ХХIII. XXVII. Кончина




XX

С мыслию о смерти пахаря вся простая жизнь его, исполненная безропотного, неусыпного труда и детского простодушия, ясно представилась моему воображению; даже мелкие черты характера и ничтожные эпизоды его скромного существования, которые давным-давно были мною забыты, стали выясняться, как бы для того, чтобы в минуту смерти оставить о нем еще больше сожаления.

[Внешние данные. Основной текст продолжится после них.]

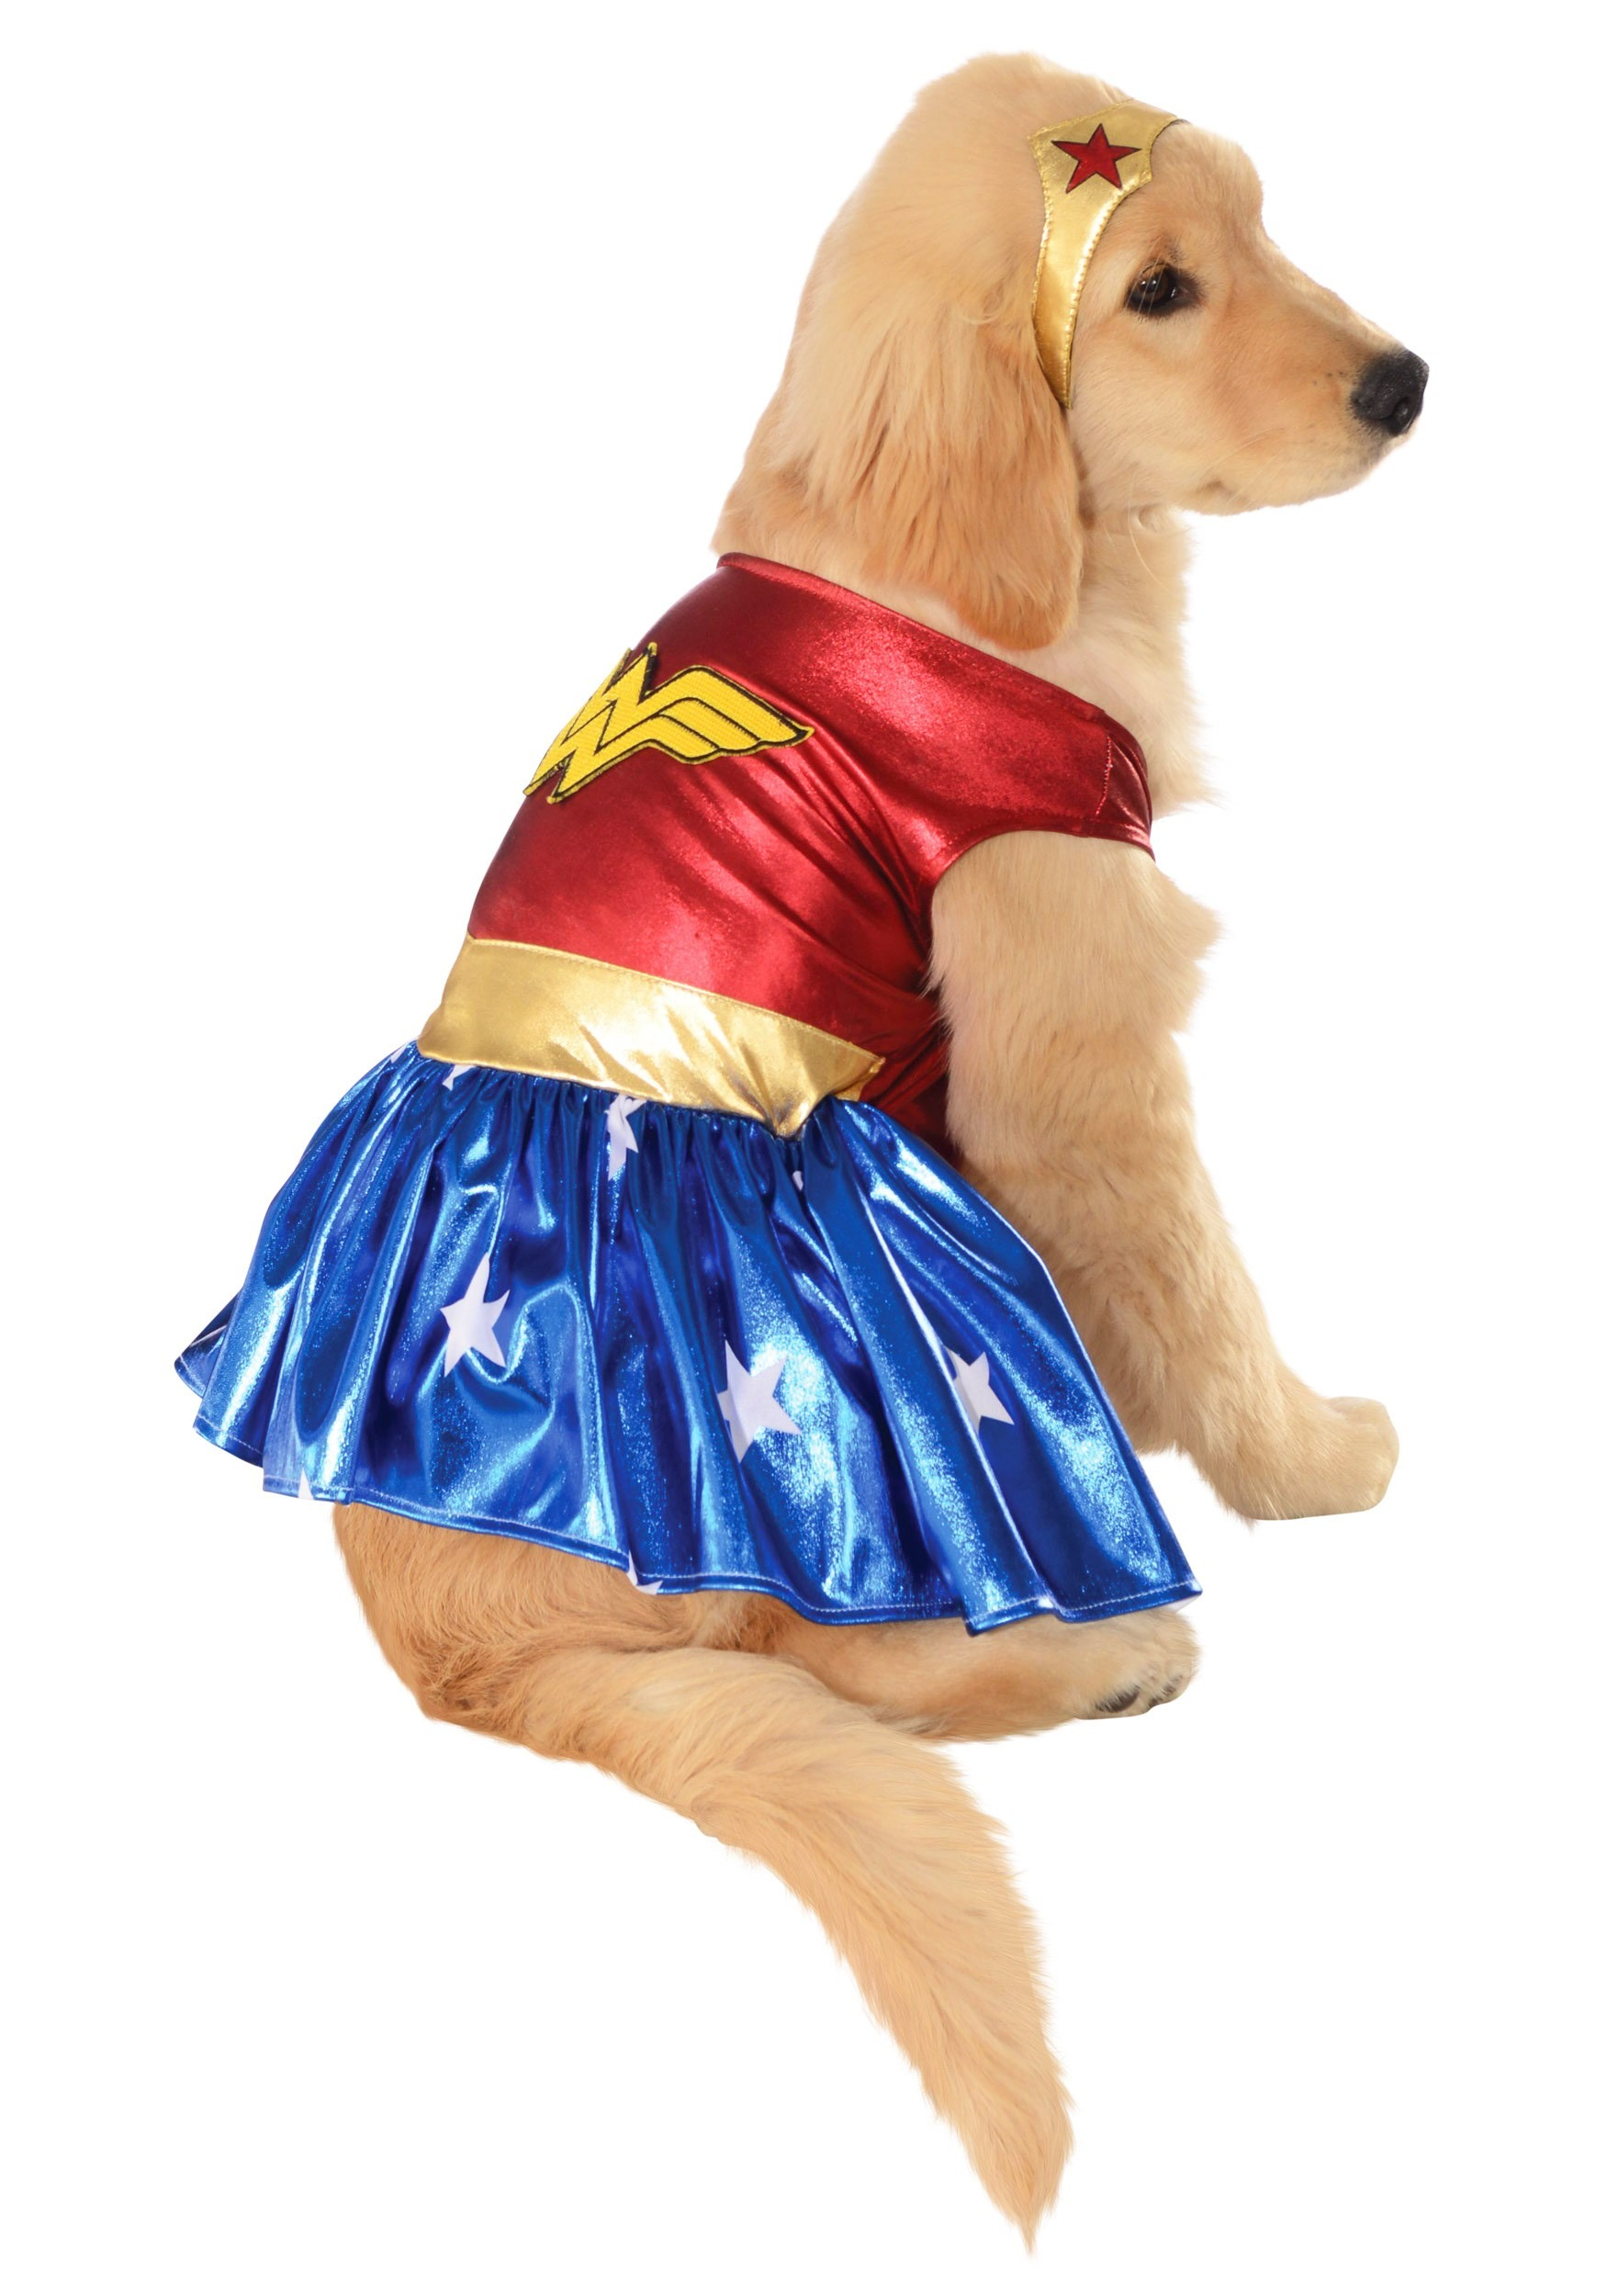 3fbca2fee2 Pet Costumes - Cat   Dog Halloween Costumes - HalloweenCostumes.com ...

Меня особенно поражали в нем всегда необычайная кротость нрава, чистота помыслов и благочестие. Единственная вещь, быть может, которой не любил он, было миткалевое производство; но никогда, однако ж, не относился он с насмешкой, злобой или пренебрежением, когда речь заходила об этом предмете. Он, помнится, покручивал только седою головою и говорил: «Худое ремесло то, когда ничего не делаешь! Коли человек кормится фабриками, стало, и в них прок есть. Не хороша только жизнь фабричная — вот что похвалить нельзя; не хороши эти гулянки, да кабаки, да пищалки эти (так называл он гармонии). Что денег-то дают хозяева, — присовокуплял он обыкновенно, — за этим гнаться нечего: деньги только в соблазн вводят. Нашему брату денег не надобно; был бы хлеб святой. Есть хлеб, ни в чем, значит, недостатка не будет, потому хлеб всем надобен, всякому то есть человеку; на что хочешь можно променять его! … По-моему, пахота самое, выходит, первое дело! — заключал всегда старик, редко пропускавший случай поговорить о ремесле своем, когда был в духе, и стараясь при этом выставлять все его выгоды. — Да! пахота всякому ремеслу голова! Какое ни есть рукомесло, уж это все, значит, живешь при нем, как словно не в удовольствии: фабриканту ли какому или хозяину работаешь, им, примерно, и отвечать должон. Люди-то неравны — вот что! И хорошо сделаешь, всеми силами стараешься, да не угодишь; ну, сердце-то и кипит в тебе, все не в удовольствии… Ну, а с пахотой этого не бывает: сам себе работаешь, сам себе и отвечаешь: старался — значит, тебе же хорошо; поленился, не родилось ничего — сам, выходит, на себя и пеняй! … И живешь покойнее, потому, выходит, серчать не на кого: весь ты, как есть, во власти господней! »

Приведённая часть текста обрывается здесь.